The market for wealth management firms has dramatically changed. 20 years ago, people didn’t see resale value in these businesses. When an advisor retired, they hoped they’d find someone who would agree to take over their book. As the industry matured, sales slowly started taking place. It wasn’t easy – there were no standards for valuation or deal terms, no strategies for client retention, few financing options, and concerns about liability.
These days, those issues have mostly been resolved, providing for a real marketplace and more competitive deal terms for businesses. It’s a seller’s market, and in our open marketplace sellers often field 75 or more inquiries for a listing. Practices are being purchased by synergistic partner firms that are aligned from principles, staff and client standpoint. There are many more options for an advisor than existed 20 years ago.
EXPLORING YOUR OPTIONS
Every firm I have talked with in the last year – both large and small -- has received inquiries and offers If your business plans do not include selling, you could file the offer away for the future in a file that may well include other such letters. On the other hand, maybe the offer sparks your interest to learn more about what options you have in the current marketplace. Selling what you have built can be a good strategy when the time and circumstances are right.
If you have received an unsolicited inquiry or offer, the chances are strong that there are other possible buyers out there, and more to the point, better qualified buyers. Buyers could include large regional firms looking to gain market share, or local firms seeking to grow through acquisitions. There are so many types of business models; it behooves you to find the firm with the right fit. Allow yourself the time to explore your choices and understand how the M&A process works before jumping into a sale.
Even if you aren’t planning to sell for several more years, that’s not necessarily a reason to completely dismiss a recent offer. Deals can take a while to put together. Also, remember the adage – “sell on the way up.” Don’t wait for the economy to start going badly, for client attrition to set in, or for a new and more onerous set of regulations to push you over the edge.
WORK WITH A PROFESSIONAL
The best way to achieve the greatest financial reward for what you have built while finding the best fit for your clients and staff, is to work with an M&A consultant. In fact, experienced buyers tell us that they prefer working with a seller using a skilled, non-advocate intermediary because it makes for a smoother, more professional – even more predictable – process and outcome.
You will only sell your business once, which means it is very difficult to master the process and all the skills necessary to realize fair market value while shepherding your clients into capable hands. Most buyers, however, have done this many times before.
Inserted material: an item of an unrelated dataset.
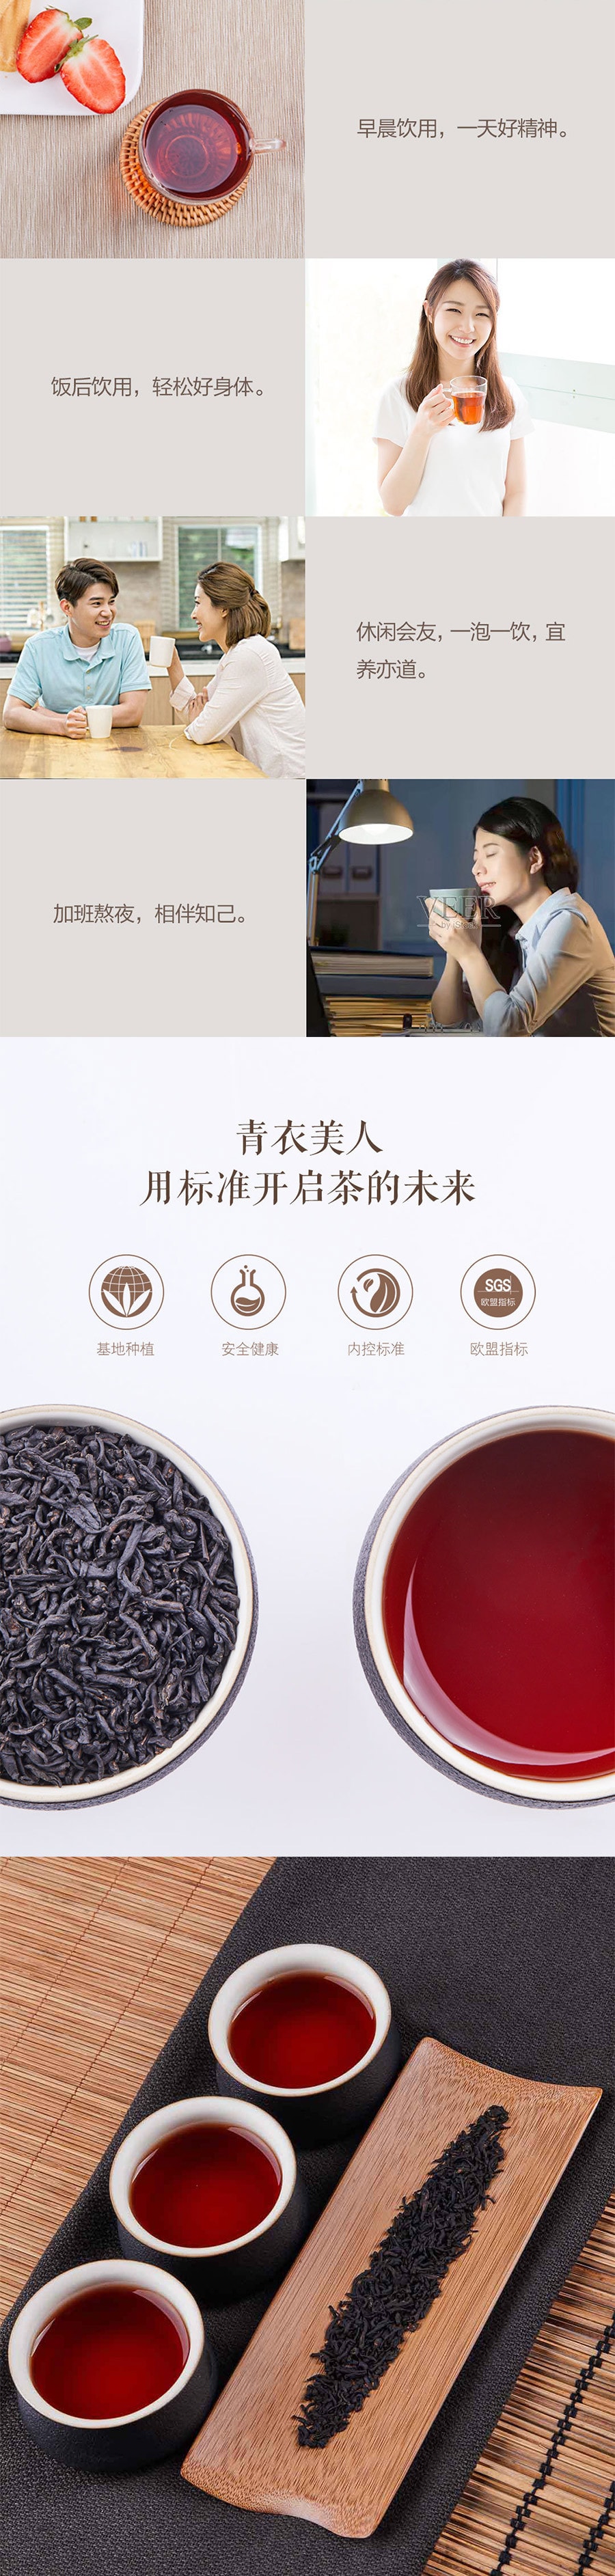 【中国直邮】小米有品青衣美人印象山水系列 ·1号黑茶108g

As a potential seller, you need your interest to be protected so that you can participate on a level playing field. Also, consider that calls, meetings, and due diligence requests can consume a great deal of time that you could otherwise be spending on your business and clients. Having a trusted advocate through the process will save you time and money.
THINGS TO CONSIDER
When or if the time comes to entertain offers to buy your practice, consider these key questions:
- Does the offer align with your most recent market-based valuation?
- Does it make sense to compare this to other opportunities in the marketplace?
- Could bank financing be used to improve the offer and reduce your risk?
- What are the tax implications of the deal?
- Will your advisors and office staff be part of the deal?
- Is this the best cultural fit for your clients?
- Does the buyer share your investment philosophy, fee schedule, and client communication style?
- Do you know the partners and history of the purchasing firm? What type of buyer are they?
- Has the buyer purchased another practice before, or is this their first acquisition?
- Will you have to change broker dealers?
- Will you be selling the entire business or book? Or are you considering a partial sale?
- Would you consider a merger or a “sell and stay” instead of an outright sale?
After an initial discussion, you may decide it’s not the deal for you, or not the right time. Either way, this can still be a valuable exercise. Talking with your M&A consultant and with buyers will provide you with insight into what options are available to you in your region, and with your business model. It can also help you understand what you need to work on to help shape your exit or growth plans–or both. If now is the right time, you’ll want to start a conversation with the prospective buyer(s) that covers some of the topics above. The next step after that is signing non-disclosure agreements and starting the due diligence process.
Remember that the right buyer isn’t always, or even usually, the highest bidder or the first through the door. Fit is a vital consideration. The right buyer will be the one who provides the best cultural match to ensure a well-ordered transition and a solid future for you, your staff and your clients.